Great job on the mods!
The electric tongue jack was one of our first mods...I can't imagine hooking up without it!
Sounds like you're off to a really good start, keep up the good work


----------



## battalionchief3 (Jun 27, 2006)

I did them both also. I love them both. Good job.


----------



## raynardo (Jun 8, 2007)

Ditto x3.

When I bought my OB, part of the deal was that the dealer had to install the electric tongue jack. I had one on my previous TT and wouldn't have a TT without one.

I also installed two 6v Trojan golf cart batteries. That's one of the best mods I've ever done!
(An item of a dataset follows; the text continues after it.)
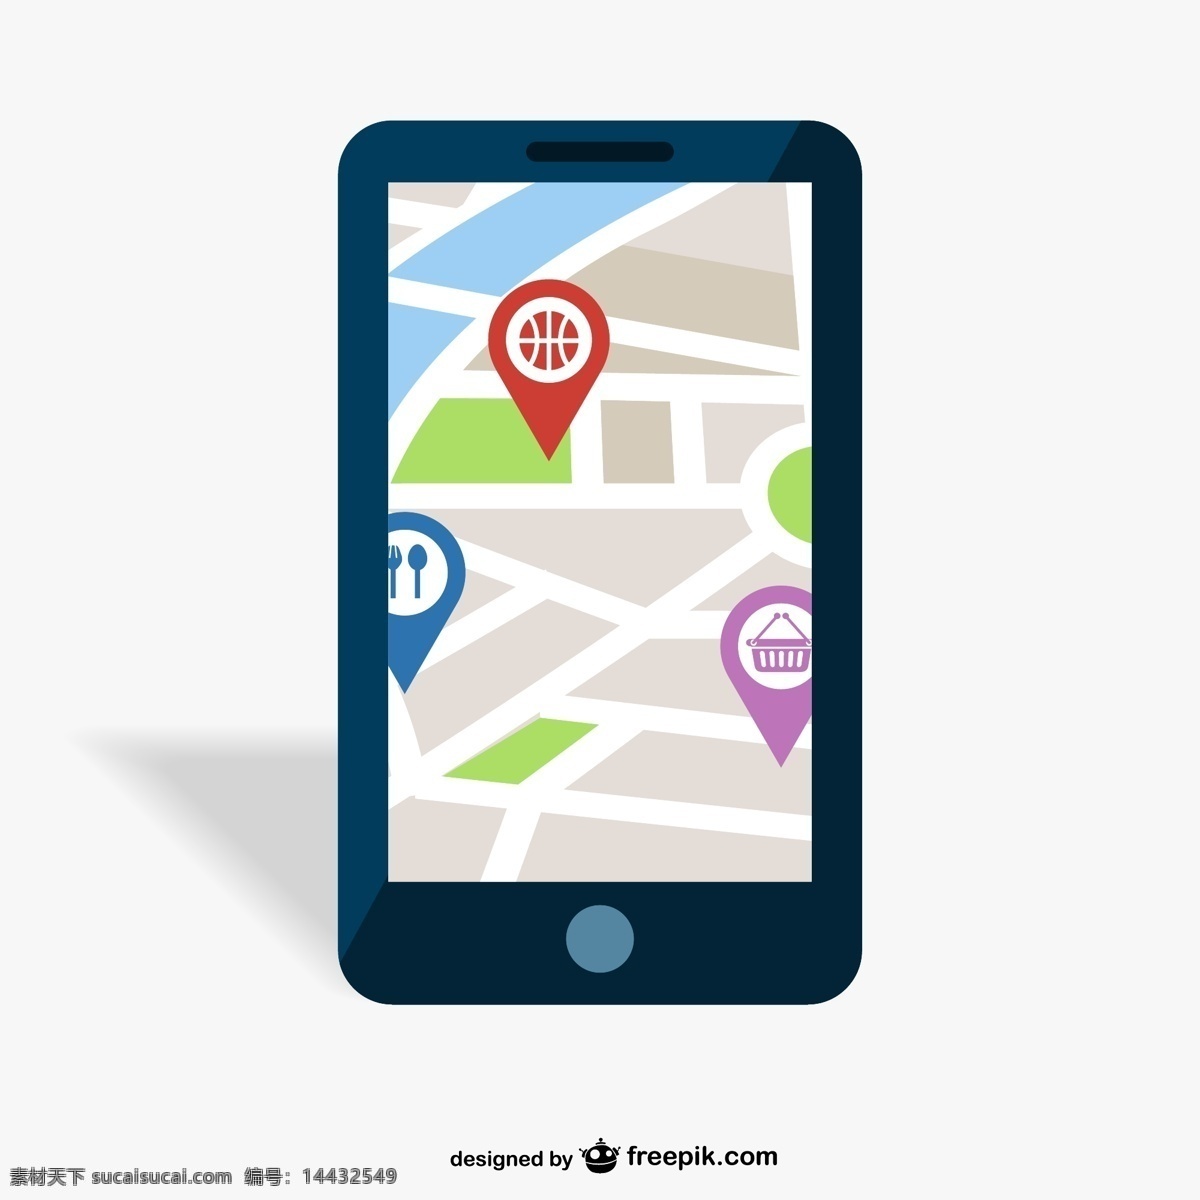 gps 手机 应用 旅游 城市 图标 电话 地图 模板 道路 移动 互联网 平板 苹果 智能手机 数码 手机图标 交通 应用程序 平面设计 网络 白色

Please realize that your electric tongue jack will run slower with the 6v batteries than with the 12v batteries. Small price to pay for the much longer lasting batteries.


----------



## DirtMover (May 31, 2008)

raynardo said:


> Ditto x3.
> 
> When I bought my OB, part of the deal was that the dealer had to install the electric tongue jack. I had one on my previous TT and wouldn't have a TT without one.
> 
> ...


Mine seems to run just as fast. Are you sure you have the wire off the jack hooked up properly?? If you hook it up to the wrong side you will only be putting 6 volts to the jack and then it would definately run slower.

I know this because I got in a hurry and hooked mine up this way the first time and then realized what I had done.


----------



## Nathan (Jan 2, 2007)

DirtMover said:


> Ditto x3.
> 
> When I bought my OB, part of the deal was that the dealer had to install the electric tongue jack. I had one on my previous TT and wouldn't have a TT without one.
> 
> ...


Mine seems to run just as fast. Are you sure you have the wire off the jack hooked up properly?? If you hook it up to the wrong side you will only be putting 6 volts to the jack and then it would definately run slower.

I know this because I got in a hurry and hooked mine up this way the first time and then realized what I had done.
[/quote]
X2 if you have the jack wired to the + batt and then that battery connects to the second one, which is grounded, you should operate just as fast.


----------